For the record, and in the way of background information, “On January 18, 2002, President George Bush (the decision is referenced in the Gonzales Memo of 25 January, 2002) made a presidential decision that captured members of Al Quaeda and the Taliban were unprotected by the Geneva POW Convention. That decision was preceded by a Memorandum dated January 9, 2002, submitted to William J Haynes II, General Counsel to the Department of Defense, by the Department of Justice's Office of Legal Counsel (which provides legal counsel to the White House and other executive branch agencies) and written by Deputy Assistant Attorney General John Yoo and Special Counsel Robert J. Delahunty” (The Alberto Gonzales Memo January 25, 2002, lawofwar.org).
As one source writes:
Mr. Bybee and Mr. Yoo approved a roster of techniques that included waterboarding and prolonged sleep deprivation. They asserted that interrogators would be on solid legal ground unless they acted with “specific intent” to inflict “severe pain,” which they defined as pain equivalent to “death, organ failure or serious impairment of bodily functions.” They also made the breathtaking argument -- later repudiated by a successor in the Bush Justice Department -- that the president, as commander in chief during a time of war, was essentially unconstrained by law in ordering measures he deemed necessary to protect the country (Editorial, Washingtonpost.com, February, 23, 2010).

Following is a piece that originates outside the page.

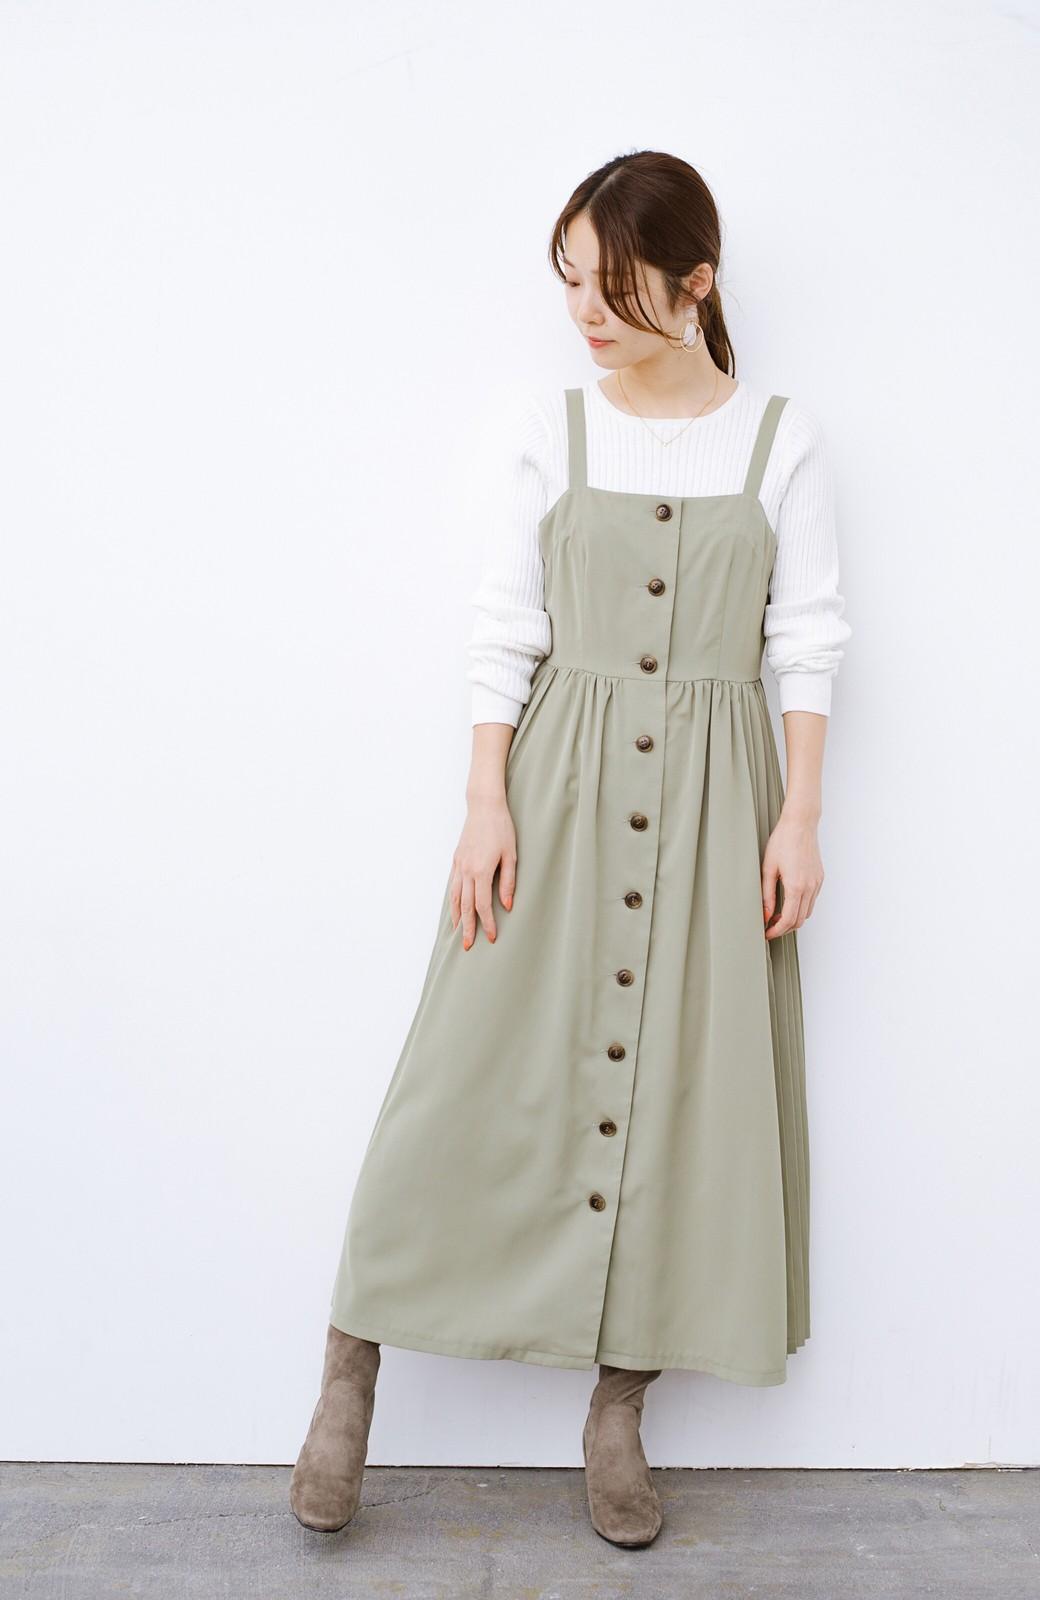 haco! デニムにもスカートにも似合う!すぽっと履けてスタイルアップが叶う女っぽフェイクスエードブーツ <ブラウン>の商品写真9

At the end of the day, most legal analysts agreed that the Bush administration orders of January and February 2002, the “Torture Memos”, which denied Geneva Convention protection to captured members of the Taliban and Al Qaeda were inherently flawed.
As a direct consequence, the acts carried out in furtherance of those orders, if themselves violations might well have constituted war crimes.
Photo Source: (John C. Yoo, a former lawyer for the Justice Department; Photo/Melissa Golden/Getty). “WASHINGTON — Large batches of e-mail records from the Justice Department lawyers who worked on the 2002 legal opinions justifying the Bush administration’s brutal interrogation techniques are missing, and the Justice Department told lawmakers Friday that it would try to trace the disappearance. At a Senate Judiciary Committee hearing, Senator Patrick J. Leahy, the Vermont Democrat who leads the panel, angrily demanded to know what had happened to the e-mail files, and he noted that the destruction of government records, including official e-mail messages, was a criminal offense. . . . But it discovered that many e-mail messages to and from John C. Yoo, who wrote the bulk of the legal opinions for the Justice Department’s Office of Legal Counsel, were missing. . . . “We were told that most of Yoo’s e-mail records had been deleted and were not recoverable,” officials from the Office of Professional Responsibility said in the footnote,” Eric Lichblau, Justice Dept. Reveals More Missing E-Mail Files, Washingtonpost.com, February 26, 2010).
More importantly, as earlier observed by the constitutional law expert Bruce Ackerman,
During the long years that the Justice Department was investigating Jay S. Bybee and John C. Yoo, it was tempting to view the torture memos as if they were momentary aberrations in the life of the modern presidency. But in clearing the Bush administration lawyers who authored the memos of all charges of unprofessional conduct, the department invites future John Yoos to rubber-stamp future presidential abuses at moments of (real or imagined) crisis. The torture memos are an entirely predictable product of an institutional set-up that puts the meaning of national security law at the mercy of a politicized Office of Legal Counsel and a super-politicized legal staff in the White House. There is a compelling need to reform that structure (Bruce Ackerman, Washingtonpost.com, February 23, 2010).
Photo Source: “Sunday's New York Times called on Congress to impeach federal judge Jay Bybee over his now infamous role in authoring one of the Bush administration memos arguing for the legality of torture. "These memos make it clear that Mr. Bybee is unfit for a job that requires legal judgment and a respect for the Constitution," wrote the paper. "Congress should impeach him." Separately, Sen. Claire McCaskill left open the door to pursuing such a course during an appearance on Fox News Sunday. Asked by host Chris Wallace whether she would favor the impeachment of Bybee, who sits on the United States Court of Appeals for the Ninth Circuit, the Missouri Democrat replied: "I think we have to look at it. But I think we do need to sort out how do you get lawyers at the top levels of the Justice Department to give this kind of advice," (Sam Stein, Jay Bybee: NYT Calls For Impeachment Of Torture Memo Author, Huffington Post, May 20, 2009).
This is an image that America neither needs nor wants to project in the international community.
The inherent travesty of this legal maneuvering by the Bush administration and its administration lawyers is that it ultimately enhanced the danger of American military personnel serving abroad in war zones.
Finally, and borrowing from the title of the earlier mentioned Washington Post article (Editorial, Washingtonpost.com, February 23, 2010), which discusses the investigation of John C. Yoo, who with Jay S. Bybee was responsible for the first “Torture memo” that preceded Gonzales’s “Torture memo”:
—No Punishment for torture memos’ authors, but no exoneration, either.
Shame on him! Shame on them!
Despite, their complacency, we ought never to forget the lessons in history, war, and humanity that stem from the infamous “Torture Memos.”